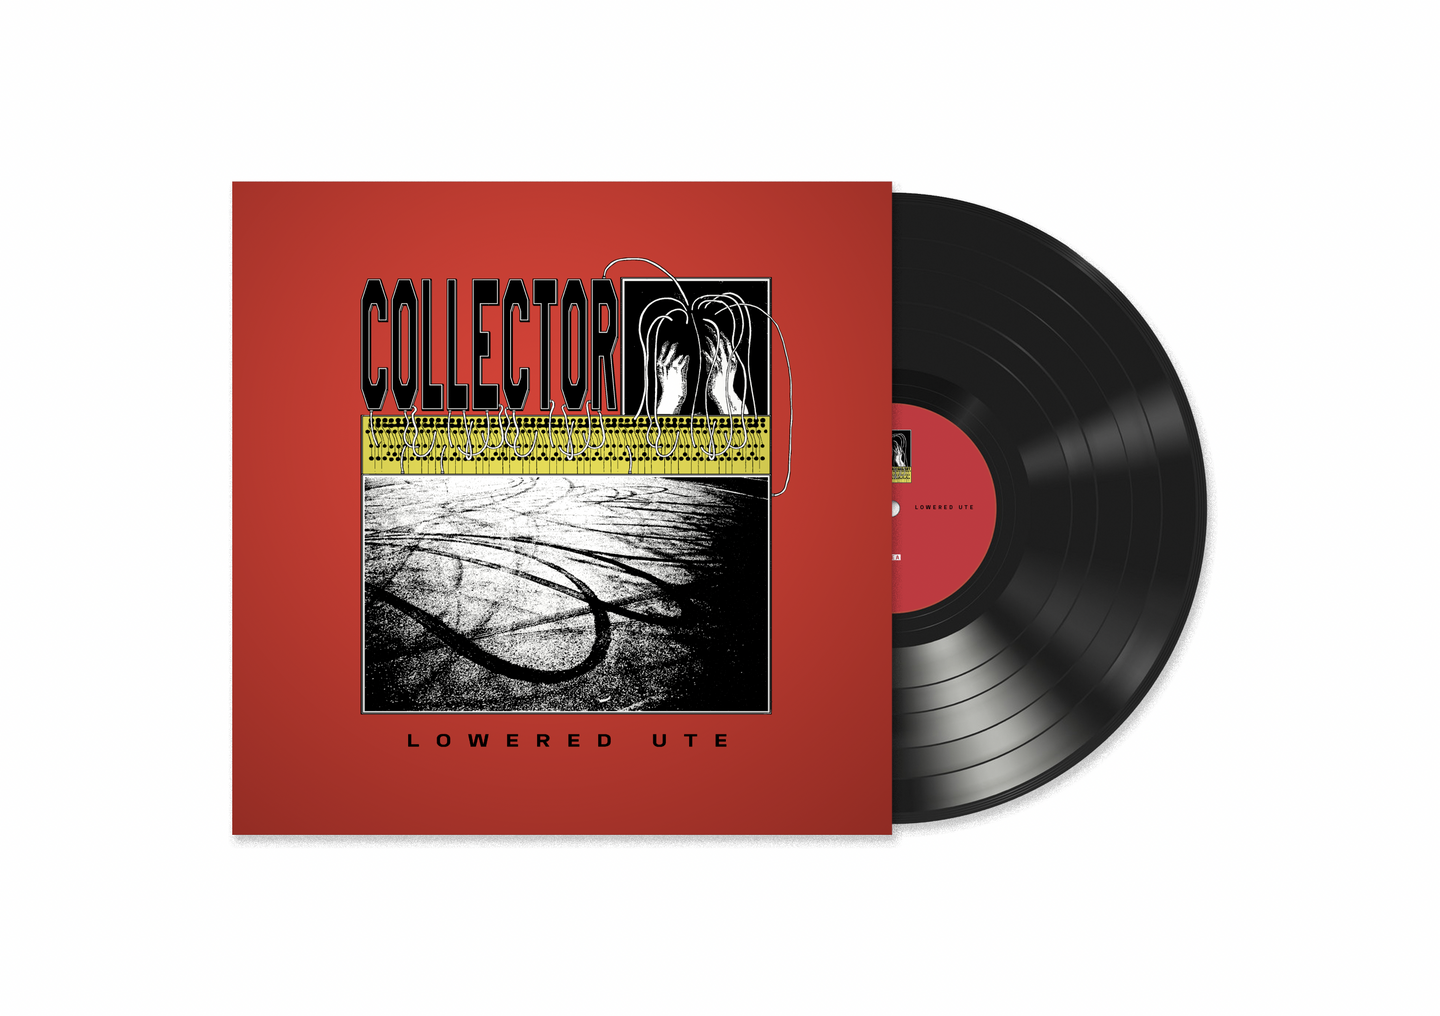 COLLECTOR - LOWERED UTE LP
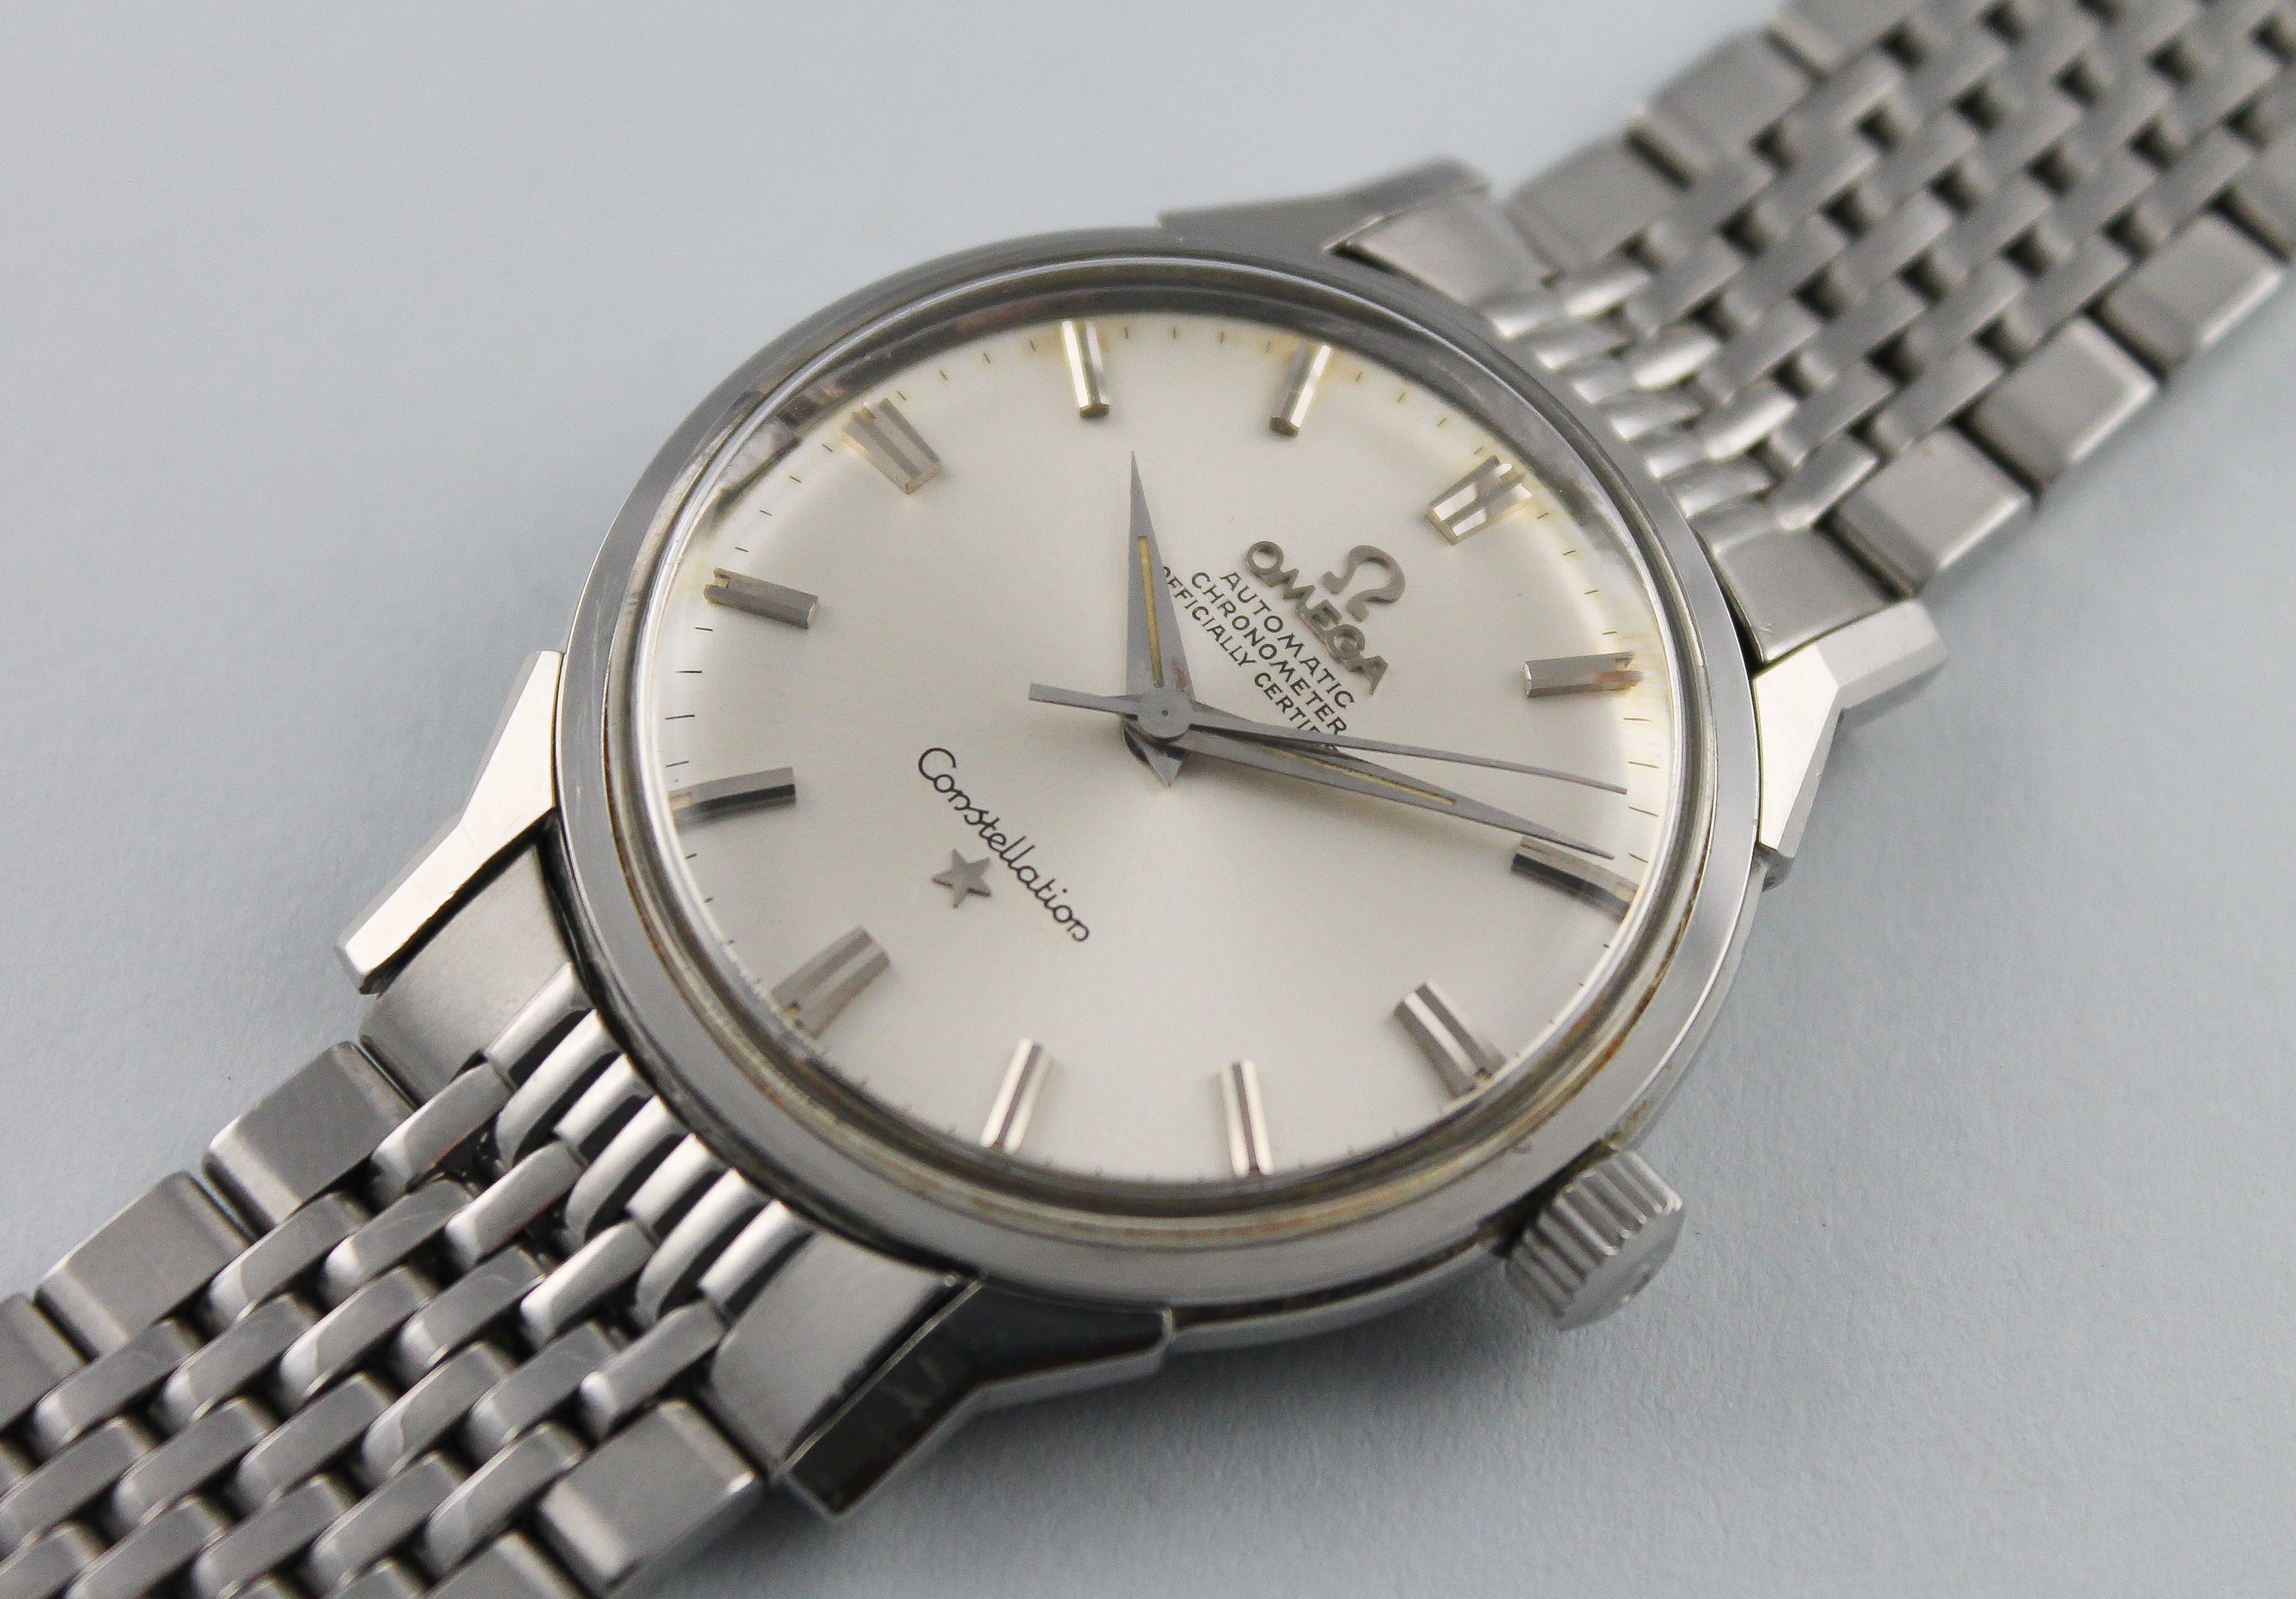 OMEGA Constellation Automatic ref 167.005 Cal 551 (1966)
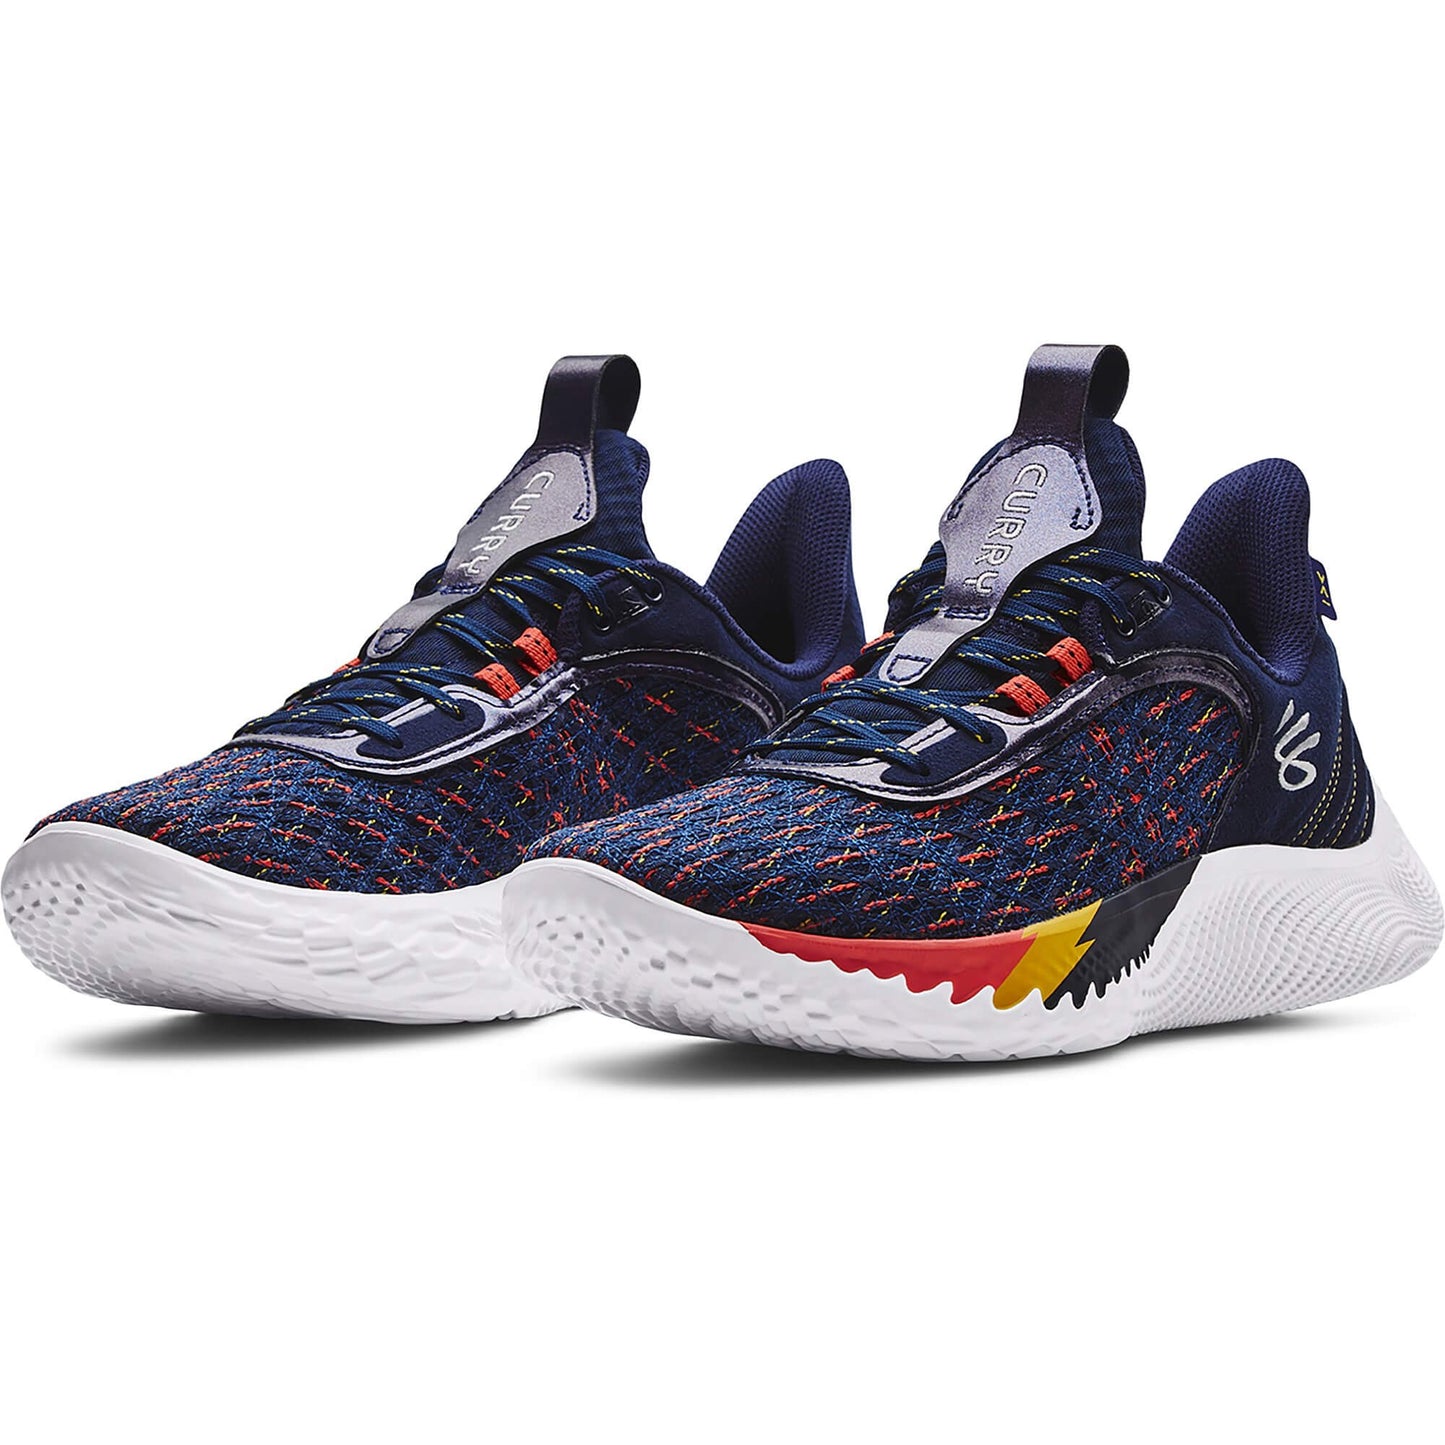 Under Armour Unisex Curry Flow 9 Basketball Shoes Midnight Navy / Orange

#####

▶ [WHAT TO PRODUCE]
Your response must consist of the material above, reproduced word for word, with the images omitted.

▶ [WRITTEN ANSWER]
 COLLECTOR - LOWERED UTE LP
 OMEGA Constellation Automatic ref 167.005 Cal 551 (1966)
 Under Armour Unisex Curry Flow 9 Basketball Shoes Midnight Navy / Orange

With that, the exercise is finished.